• [Input]
____________________

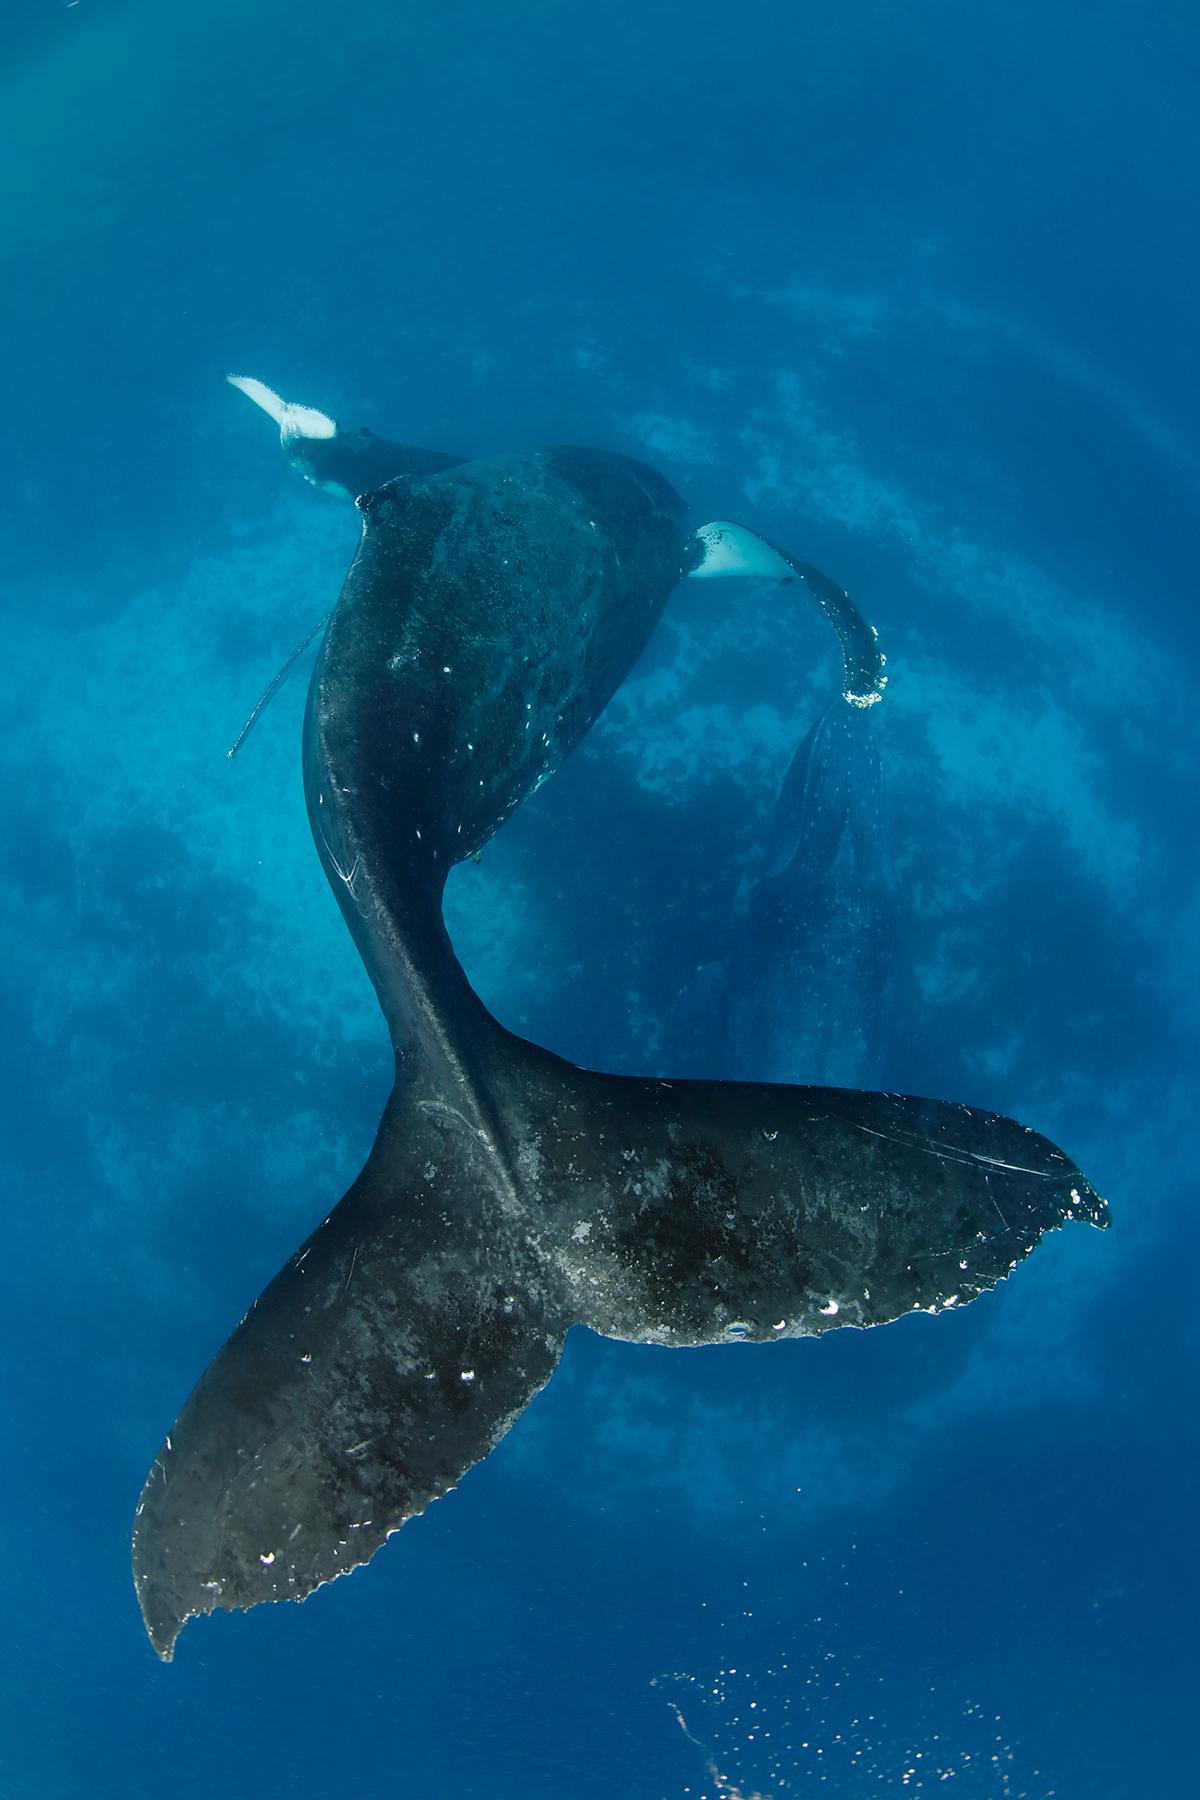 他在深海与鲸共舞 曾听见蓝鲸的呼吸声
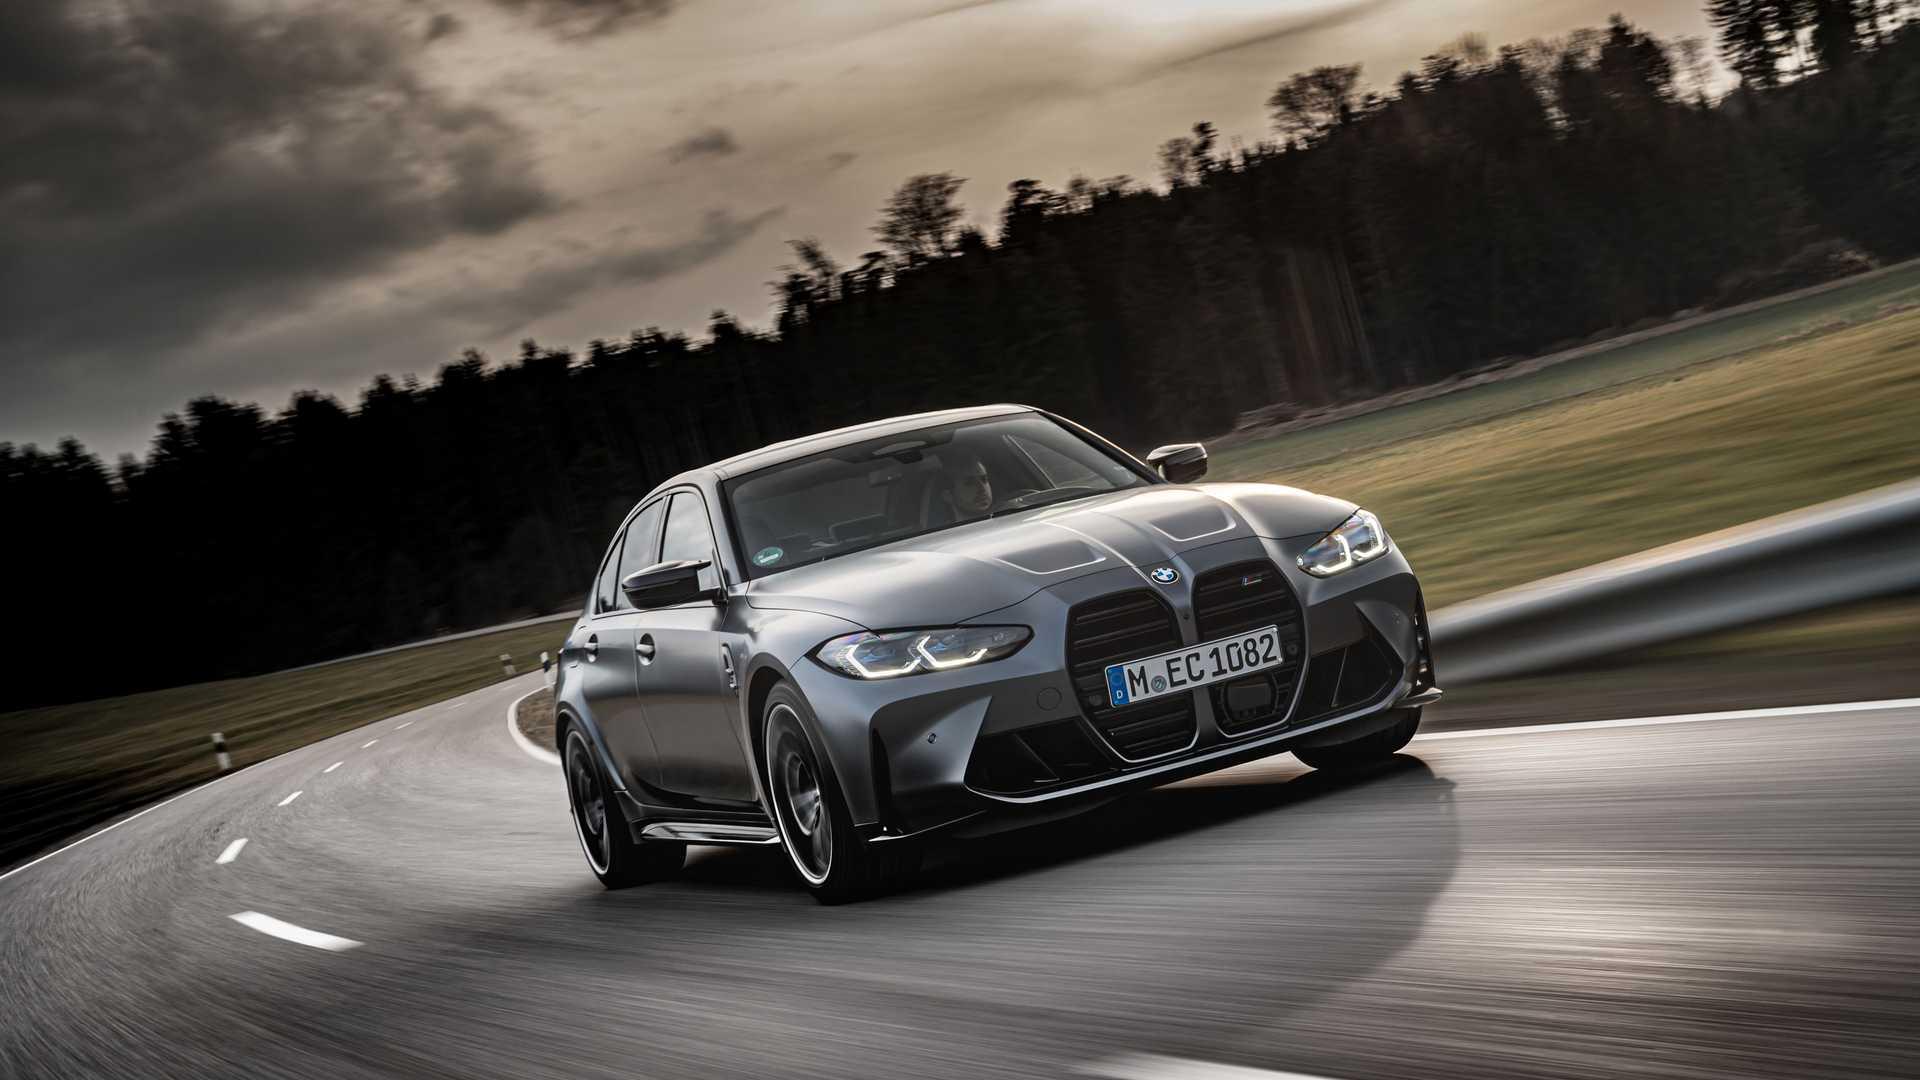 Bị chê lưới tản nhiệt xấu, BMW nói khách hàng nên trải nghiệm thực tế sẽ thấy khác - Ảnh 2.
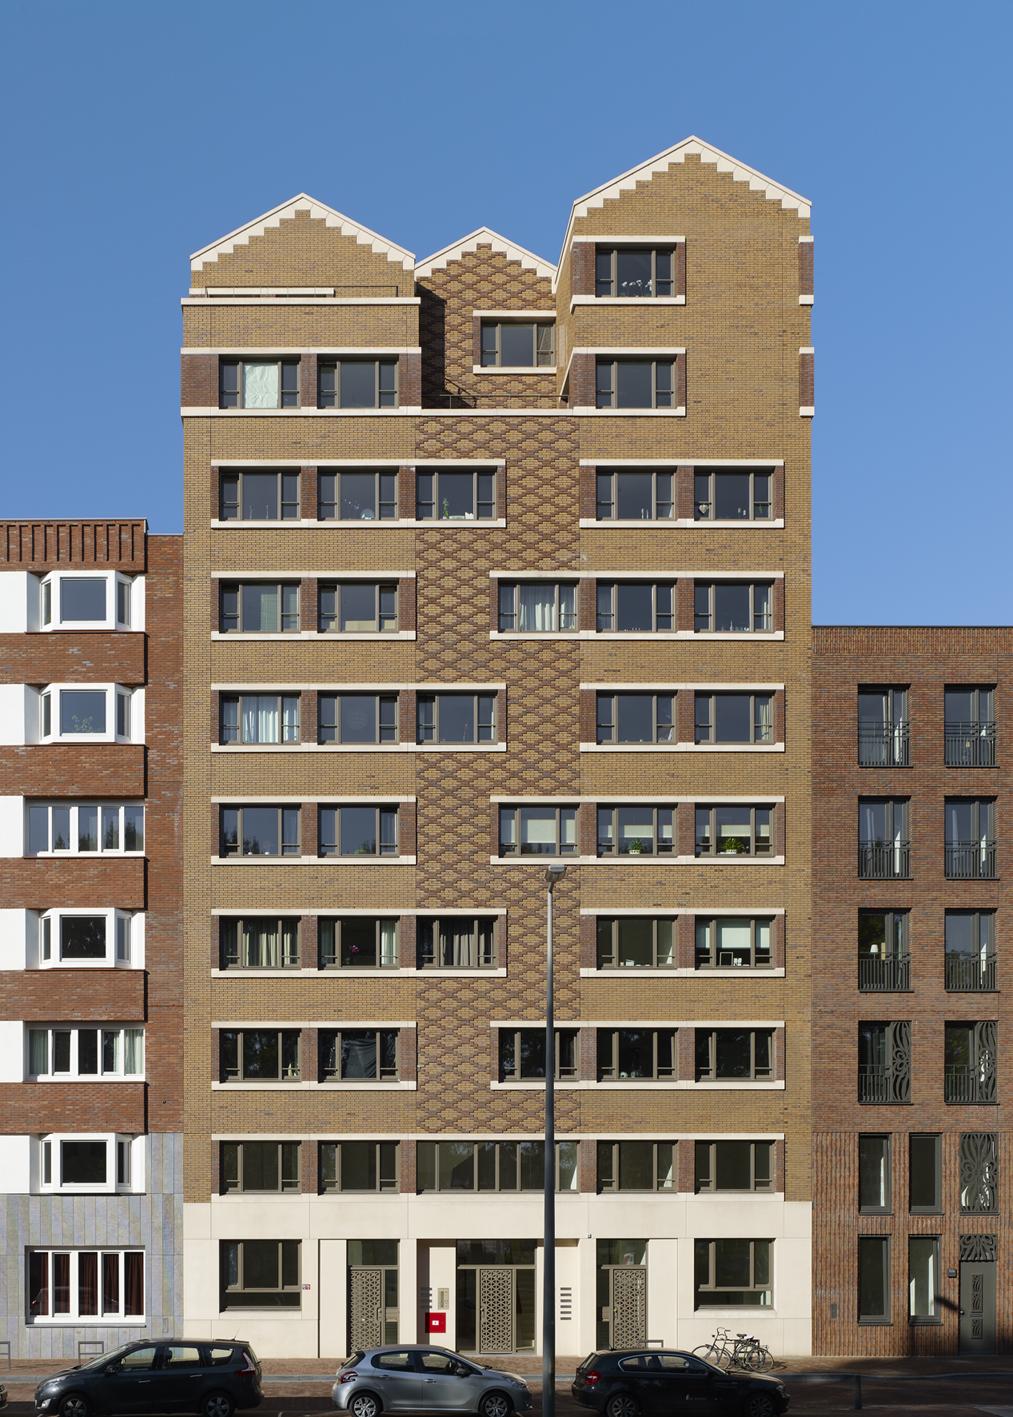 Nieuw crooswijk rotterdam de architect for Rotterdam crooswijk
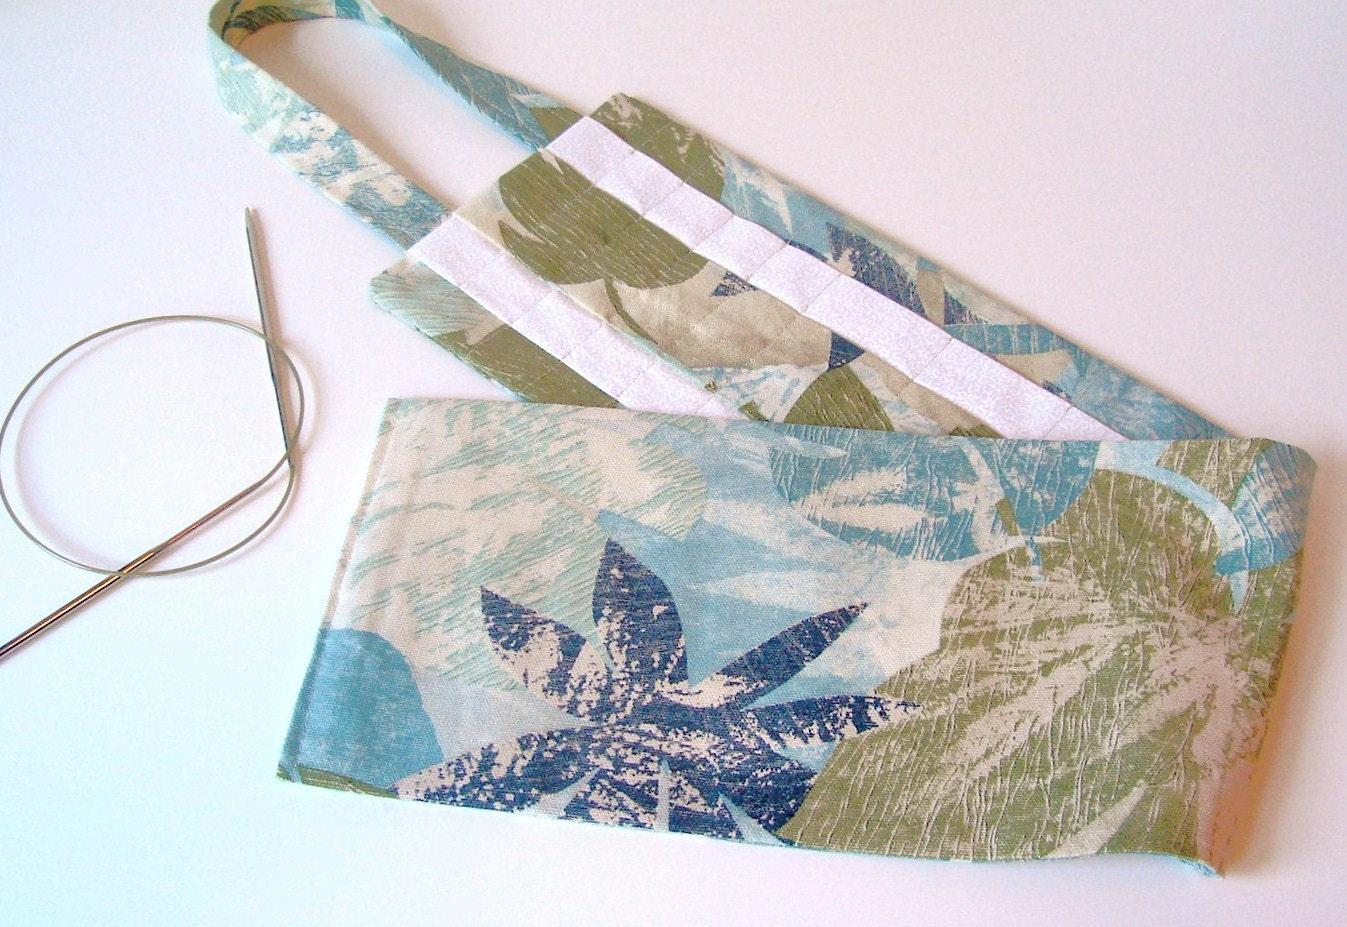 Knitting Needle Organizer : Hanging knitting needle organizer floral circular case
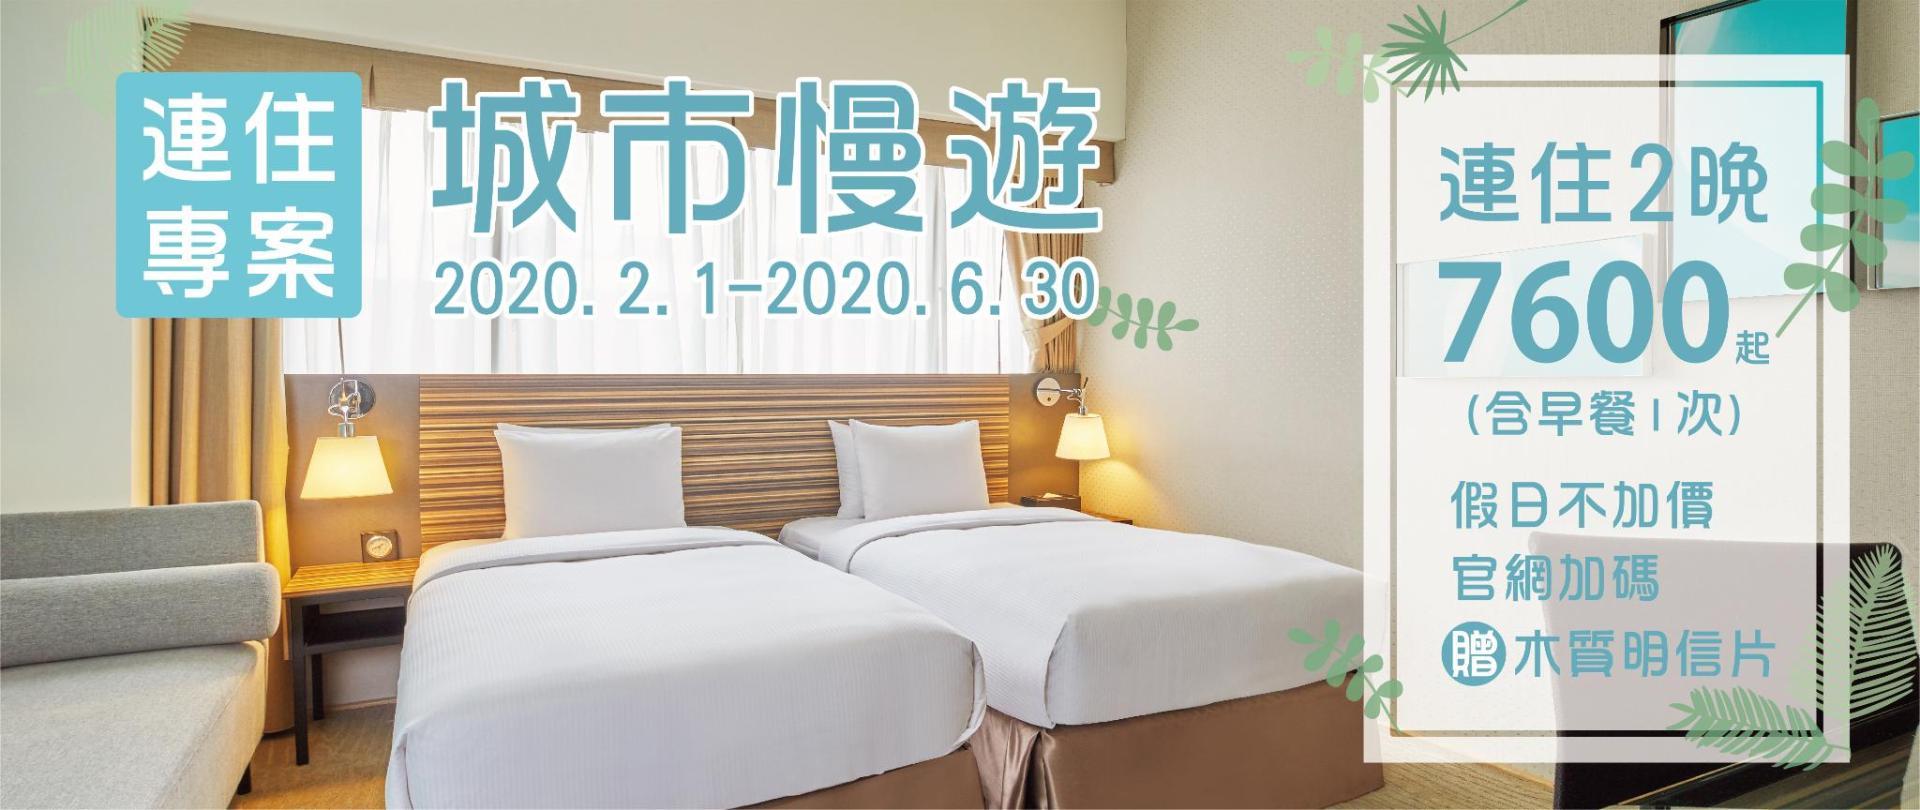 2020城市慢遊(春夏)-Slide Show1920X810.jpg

____________________

• [Assignment] Output the listing word for word. Drop the pictures.

• [Result of the exercise]
 他在深海与鲸共舞 曾听见蓝鲸的呼吸声
 Bị chê lưới tản nhiệt xấu, BMW nói khách hàng nên trải nghiệm thực tế sẽ thấy khác - Ảnh 2.
 Nieuw crooswijk rotterdam de architect for Rotterdam crooswijk
 Knitting Needle Organizer : Hanging knitting needle organizer floral circular case
 2020城市慢遊(春夏)-Slide Show1920X810.jpg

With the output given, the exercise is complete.